The human body produces its own (endogenous) melatonin starting about two hours before bedtime, provided the lighting is dim. This is known as dim-light melatonin onset, DLMO. This stimulates the phase-advance portion of the PRC and helps keep the body on a regular sleep-wake schedule. It also helps prepare the body for sleep.
Administration of melatonin at any time may have a mild hypnotic (sleep-inducing) effect. The resultant effect on sleep phase, if any, is governed by the PRC.
Additive effects
In a 2006 study Victoria L. Revell et al. showed that a combination of morning bright light and afternoon melatonin, both timed to phase advance according to the respective PRCs, produce a larger phase advance shift than bright light alone,[8] for a total of up to 21⁄2 hours.

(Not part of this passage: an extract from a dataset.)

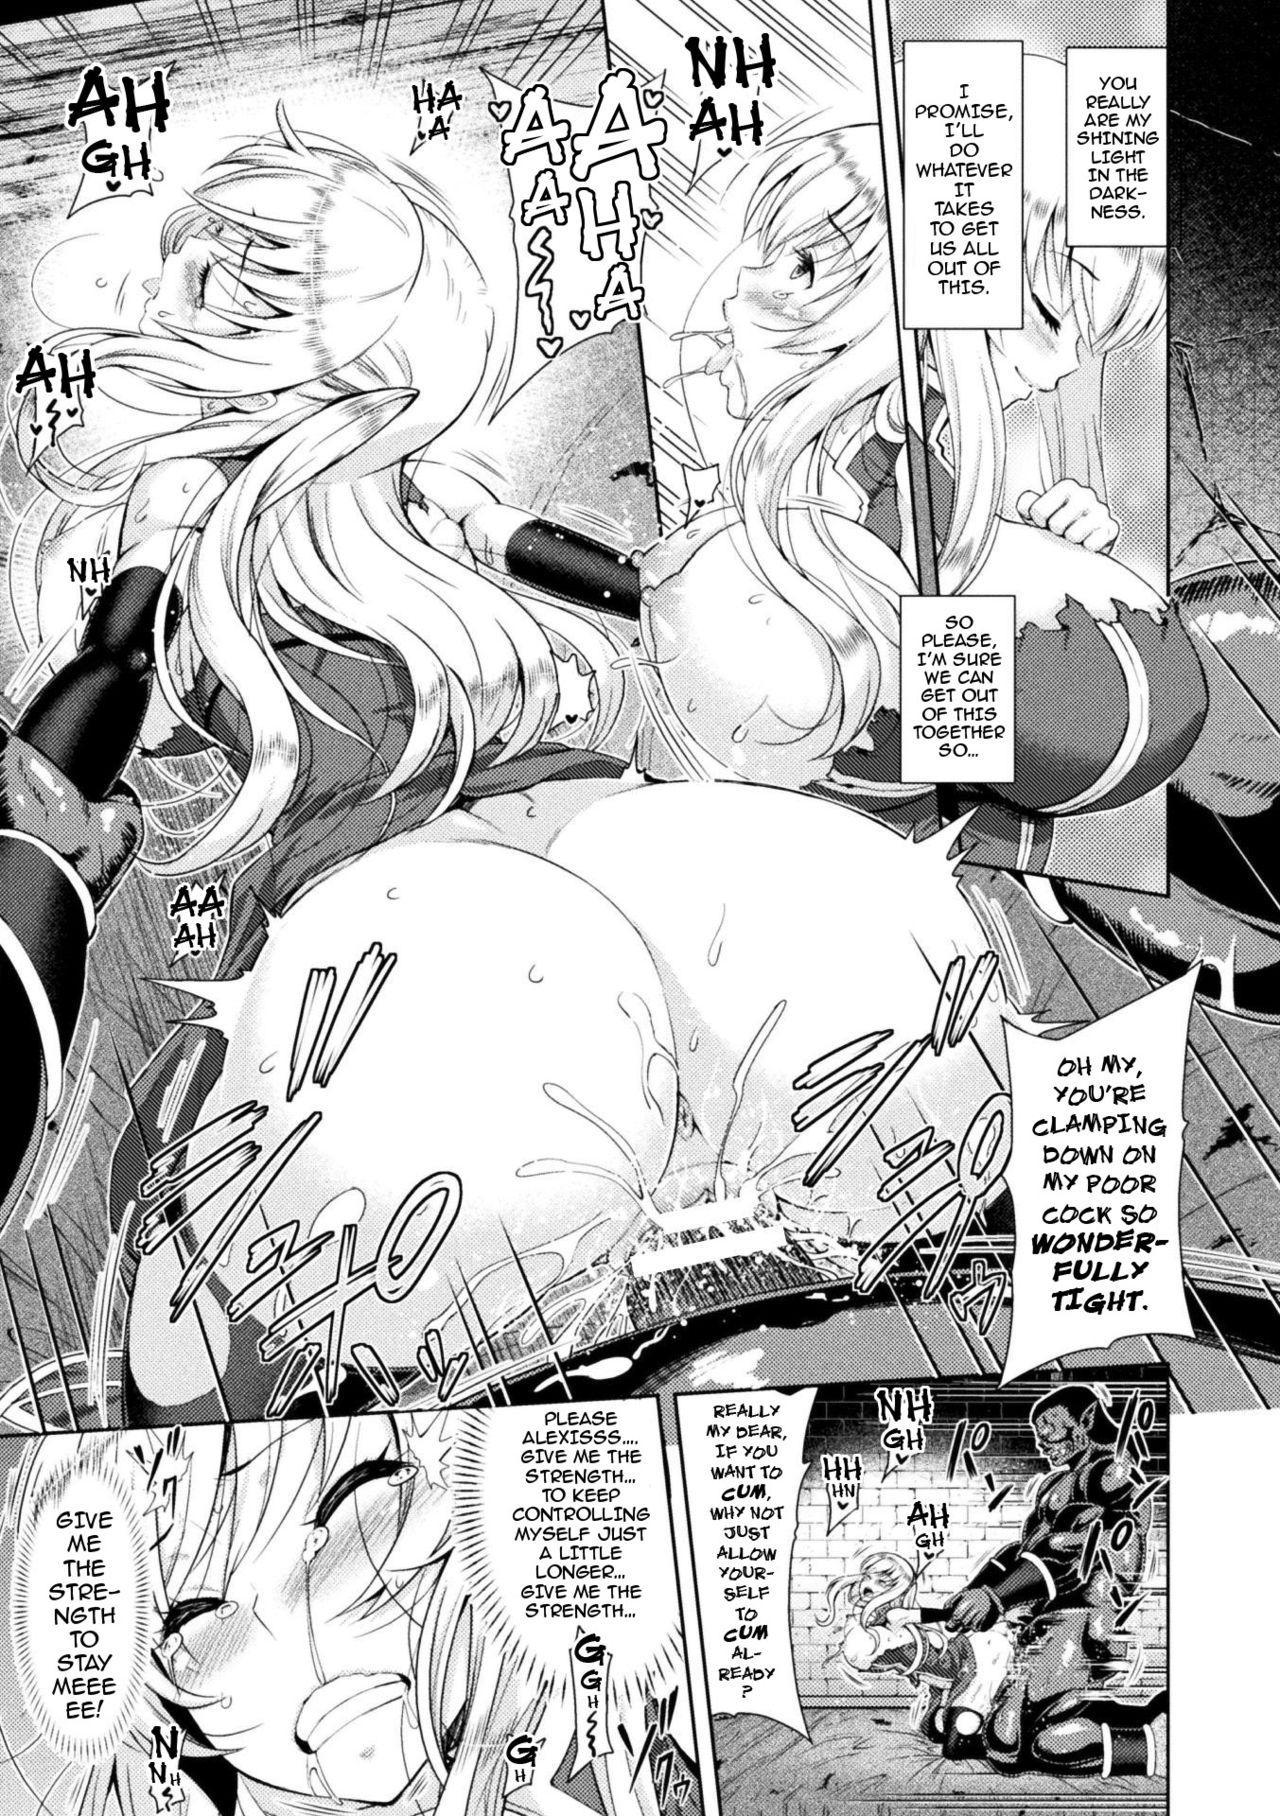 [Yamada Gogogo] Erona ~Orc no Inmon ni Okasareta Onna Kishi no Matsuro~ | Erona ~The Fall of a Beautiful Knight Cursed with the Lewd Mark of an Orc~ Ch. 1-3 [English] {darknight} 36

All times are approximate and vary from one person to another. In particular, there is no convenient way to accurately determine the times of the peaks and zero-crossings of these curves in an individual. Administration of light or melatonin close to the time at which the effect is expected to change sense abruptly may, if the changeover time is not accurately known, produce an opposite effect to that desired.
Origin of the PRC
The first published usage of the term "phase response curve" was in 1960 by Patricia DeCoursey. The "daily" activity rhythms of her flying squirrels, kept in constant darkness, responded to pulses of light exposure. The response varied according to the time of day—that is, the animals' subjective "day"—when light was administered. When DeCoursey plotted all her data relating the quantity and direction (advance or delay) of phase-shift on a single curve, she created the PRC. It has since been a standard tool in the study of biological rhythms.[9]
PRC in neurons
Phase response curve analysis can be used to understand the intrinsic properties and oscillatory behavior of regular-spiking neurons.[10] The neuronal PRCs can be classified as being purely positive (PRC type I) or as having negative parts (PRC type II). Importantly, the PRC type exhibited by a neuron is indicative of its input–output function (excitability) as well as synchronization behavior: networks of PRC type II neurons can synchronize their activity via mutual excitatory connections, but those of PRC type I can not.[11]
Experimental estimation of PRC in living, regular-spiking neurons involves measuring the changes in inter-spike interval in response to a small perturbation, such as a transient pulse of current. Notably, the PRC of a neuron is not fixed but may change when firing frequency[12] orneuromodulatory state of the neuron[13] is changed.